China and its state-owned enterprises are abiding by U.S. and Western sanctions on Russia out of an abundance of caution, wary of secondary measures that might hit the Chinese economy. But Beijing has dismissed suggestions that it should do more than it needs to.

In the eight months since the war began, Russia's economic isolation from the West—the exodus of global brands and Europe's winding down of Russian energy imports—has increased its reliance on neighboring China, according to the Germany-based Kiel Institute for the World Economy.

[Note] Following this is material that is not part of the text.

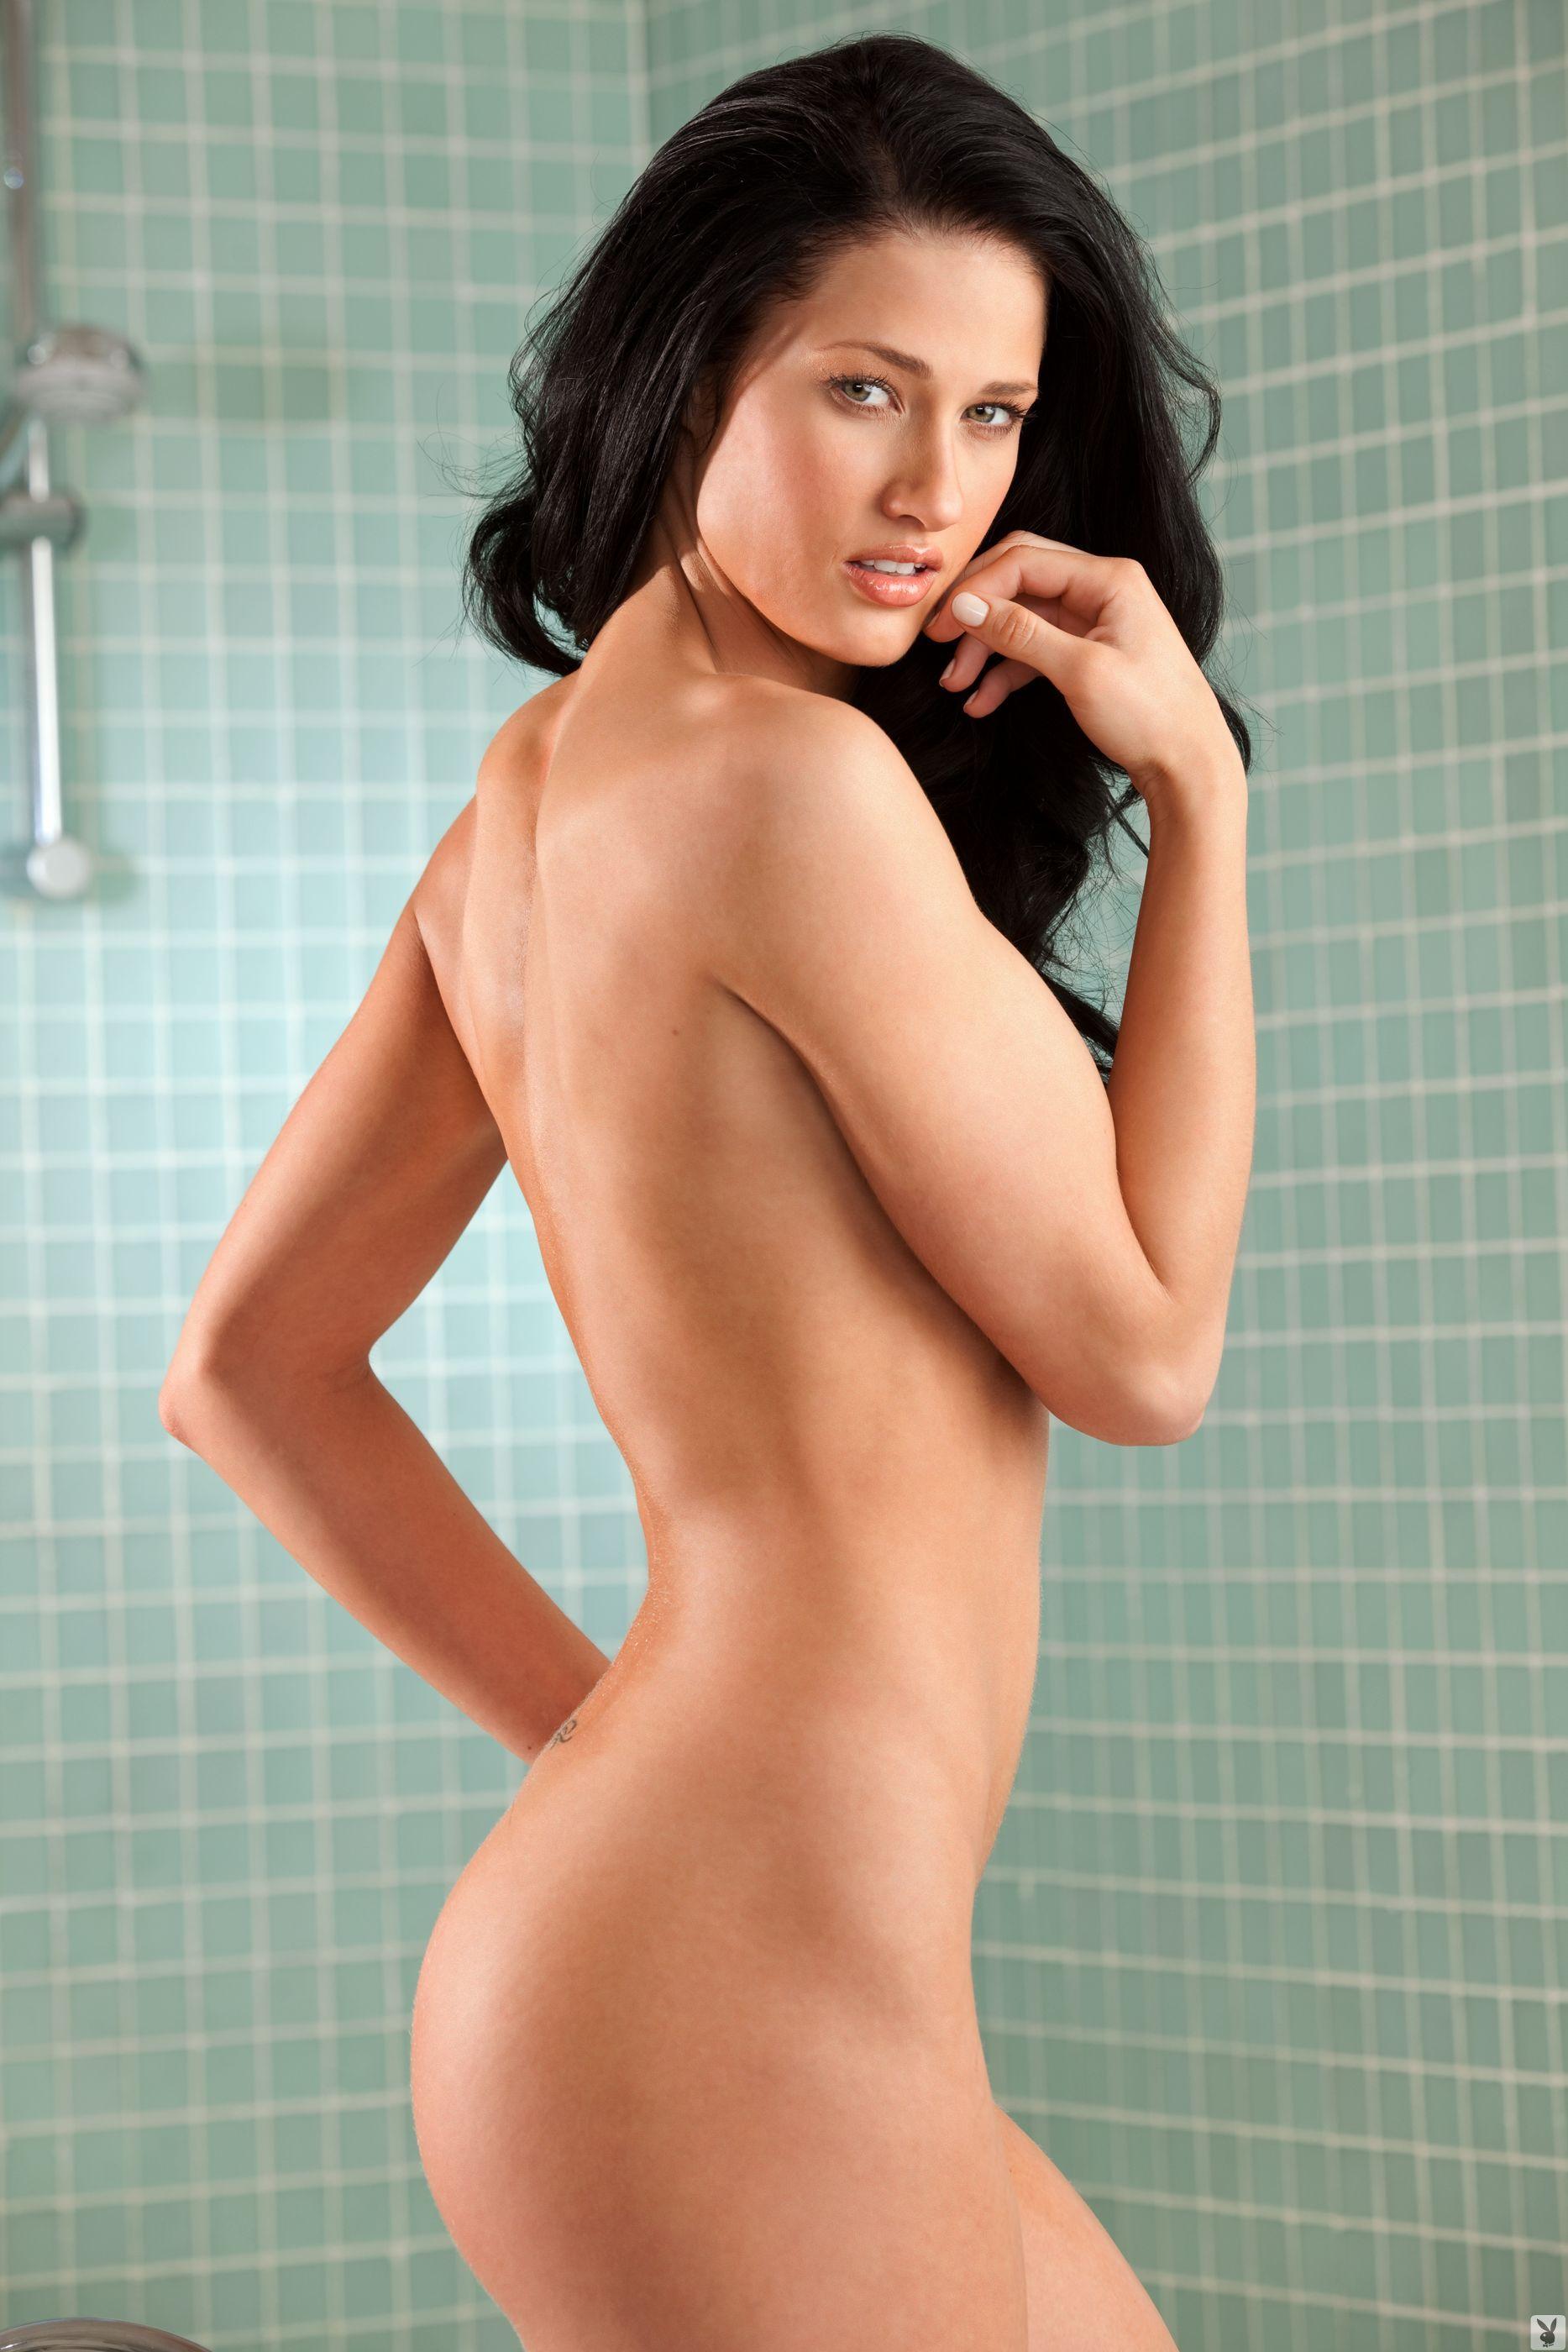 ashton-winters-brunette-nude-bathroom-playboy-02

"While the EU was Russia's most important trading partner in the summer of 2021, China has now taken over this top position. Compared to the previous year, the EU exports 43 percent fewer goods to Russia, while China exports 23 percent more. However, the increase in exports from China to Russia lost momentum in September," said the Kiel Institute report from earlier this month of November.

"Since China's exports are currently not sufficient to compensate for the drop of Russia's trade with the EU, Russia's efforts to replace slipping imports from Europe are proving increasingly difficult," said Kiel researcher Vincent Stamer. "The sanctions imposed by the Western alliance are apparently hitting the Russian economy hard and noticeably limiting the population's consumption options."

Xi Jinping To Make Russia State Visit—Envoy
President Xi Jinping of China waits to meet President Emmanuel Macron of France on the sidelines of the G20 summit in Nusa Dua on the Indonesian resort island of Bali on November 15, 2022. LUDOVIC MARIN/POOL/AFP via Getty Images

On Wednesday, Russia's state statistics service Rosstat published data showing a 4-percent drop in gross domestic product in the third quarter of the 2022. Coupled with a second-quarter contraction also of 4 percent, this officially put the country in an economic recession.

Xi, meanwhile, spent the week in the Indonesian resort of Bali, where he courted Western leaders and those of major developing economies at the annual G20 summit. Putin didn't attend and sent Sergey Lavrov, his foreign minister, in his stead.

Following a lengthy period of self-isolation during the COVID-19 pandemic, China's president returned to the world stage seeking to convince old partners of his country's neutrality on the Russia-Ukraine war. Most leaders nonetheless rebuked Putin in Wednesday's communiqué.

President Emmanuel Macron of France left the gathering with the belief that China could help mediate a future political settlement between Moscow and Kyiv, and Ukraine itself appears to believe the same.